The US, Iran and Saudi Arabia: A complicated triangle
WASHINGTON - Washington’s lifting of economic sanctions on Iran is a boon to bilateral relations but there are still major obstacles to a full detente, a former senior US diplomat said.
“Both sides have emphatically repeated that the (nuclear) deal is a transactional agreement and each side is dealing with their fringe with whom a transformational agreement would be anathema,” ambassador Barbara Bodine told The Arab Weekly in her office at Georgetown University, where she is director of the Institute for the Study of Diplomacy.
“But it’s still a historic agreement.”
Bodine, who was US ambassador to Yemen from 1997- 2001 and also served in Kuwait and Iraq, said US-Iranian bilateral relations have seen significant improvement, as witnessed by the January 12th incident in which a two small US Navy boats veered into Iranian waters. Iranian authorities arrested and detained ten American sailors but released them about 16 hours later with little or no fanfare.
“It’s a fairly remarkable step itself that our secretary of state could pick up the phone and call the Iranian foreign minister and that the foreign minister took his call. That wouldn’t have happened 18 months ago,” said Bodine.
But this does not mean that Washington will soon open an embassy in Tehran, she warns. Perhaps the United States will open an interest section there but even this is unlikely before the end of US President Barack Obama’s term, according to Bodine.
Indeed, there is little indication that either side trusts the other. On January 17th, the Obama administration imposed new sanctions on Iran for two recent ballistic missile tests that violated UN resolutions. Two days later, Iranian Supreme Leader Ayatollah Ali Khamenei warned Iranian President Hassan Rohani and his government to guard against American “deceptions”.
“It’s a given that the Iranians think the Americans are not trustworthy and duplicitous, neither side trusts the other one,” said Bodine. “After all, most Americans don’t know who the shah was, while Iranians do, and most Iranians don’t remember our embassy (hostage situation) but every American does.”
Asked how this new relationship might affect geopolitical dynamics in the region, Bodine said that Israel, as well as Saudi Arabia and its Sunni Arab allies, might pose a challenge in what she called a worst-case scenario, even if highly unlikely.
The scenario involves Israel taking unilateral military action against Iran by flying over Sunni Arab air space to reach the Islamic Republic.

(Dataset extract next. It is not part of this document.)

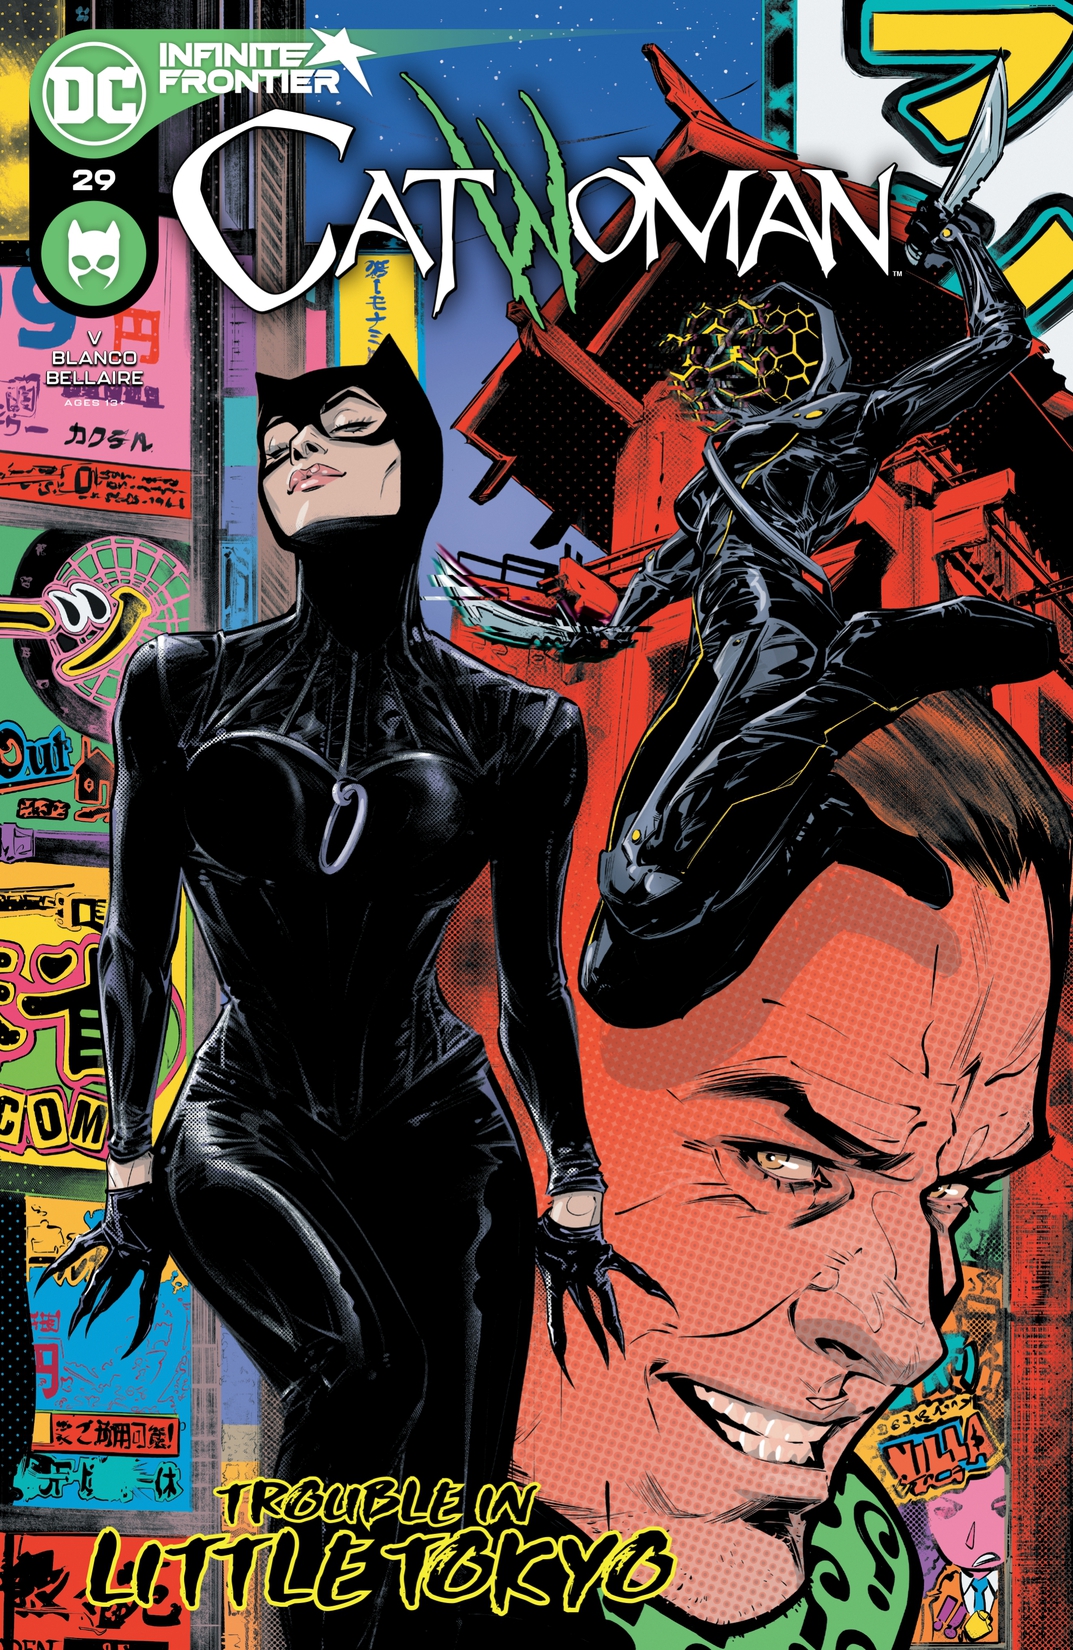 Catwoman (2018-) #29 preview images

An Israeli fighter jet could fly along the northern Saudi border to reach Iran and the Saudis would turn a blind eye until after the fact, Bodine explained.
Israel has been vehemently against the Iran nuclear agreement and Israeli Prime Minister Binyamin Netanyahu embarrassed many US allies by staging a diplomatic faux pas last March when he publicly lobbied members of Congress to support him against the deal while the White House was engaged in sensitive negotiations with Tehran. Washington insiders say that the relationship between Netanyahu and Obama subsequently plummeted to all-time lows.
Saudi Arabia has also been opposed to the Iran agreement, though the kingdom did not state so publicly. What worries the Saudis most is that Iran will use the tens of billions of dollars expected to be released after sanctions are lifted to expand its influence in the region, especially in Syria, Iraq, Lebanon and Yemen. On January 19th, Saudi Foreign Minister Adel al-Jubeir warned that if the funds “support the nefarious activities of the Iranian regime, this will be a negative and it will generate a pushback”.
Adding to the Saudis’ woes is that it has historically viewed its value to the West as a major oil exporter and an alternative to Iran, Bodine said. With oil revenue on the decline, the Iran agreement may appear particularly threatening to the kingdom.
“Saudi’s greatest fear is to be irrelevant or abandoned… and now, Saudi Arabia is looking around and wondering: What’s our value to the US?” Bodine said.
This question might be of particular relevance as the international community tries to find a resolution to the crisis in Syria. Diplomatic efforts have involved Saudi Arabia, Iran, Russia and the United States but with relations between Riyadh and Tehran sour, talks might stall indefinitely.
The two regional powers cut diplomatic relations after Saudi Arabia executed Nimr al-Nimr, a Saudi Shia cleric, which triggered mob attacks on the kingdom’s embassy in Tehran. In a show of solidarity with their Sunni Arab ally, Bahrain, Kuwait, Sudan, Djibouti and Qatar pulled their ambassadors from Tehran.